Karena kondisi korban yang tidak ideal, maka keakuratannya tidak dapat dipercaya disebabkan seiring waktu jenazah korban akan mengalami perubahan. Selain itu, faktor emosional keluarga korban menyebabkan metode visual tersebut tidak bisa digunakan.
Hal senada disampaikan staf medis Departemen Ilmu Kedokteran Forensik dan Medikolegal FK UI/RSCM dr Mohammad Ardhian Syaifuddin. Identifikasi visual sangat tidak disarankan karena jenazah korban bisa saja jenazah orang lain.

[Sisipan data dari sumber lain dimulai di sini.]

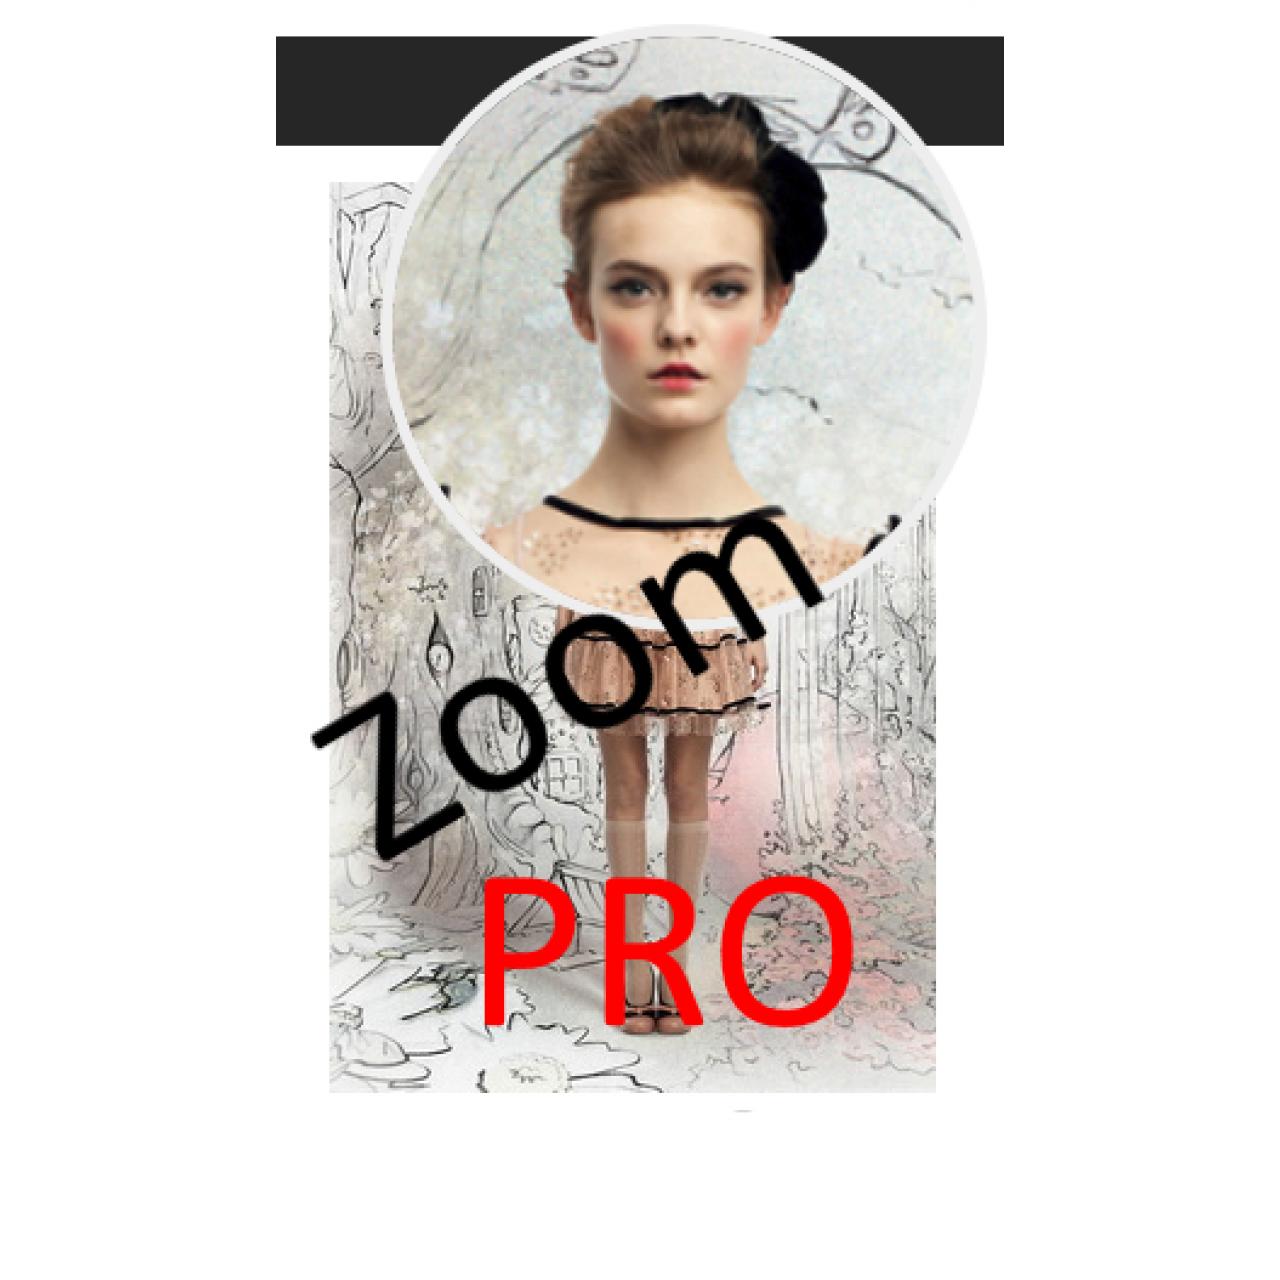 Модуль зуммирования изображений товара - ZoomPRO  из категории Оформление для CMS OpenCart (ОпенКарт)

"Ketika jenazah dibawa pulang dan dikubur ternyata kemudian ditemukan jenazah anggota keluarga, nanti akan jadi masalah. Prinsip kita lebih baik tidak teridentifikasi dari pada salah mengidentifikasi dan ini sudah berlaku di seluruh dunia," kata spesialis ilmu forensik tersebut.
Dia mengatakan, perubahan kondisi jenazah bisa disebabkan oleh iklim lembab dan panas di Indonesia. Akibatnya, sehari saja di luar ruangan pendingin, jenazah akan mengalami pembusukan.
Menentukan identitas seseorang dalam suatu kasus bencana massal merupakan tantangan tersendiri bagi dokter spesialis forensik karena akan berimplikasi hukum misalnya terkait asuransi dan klaim dari ahli waris. Maka prinsip keakuratan sangat penting dalam proses identifikasi korban bencana massal.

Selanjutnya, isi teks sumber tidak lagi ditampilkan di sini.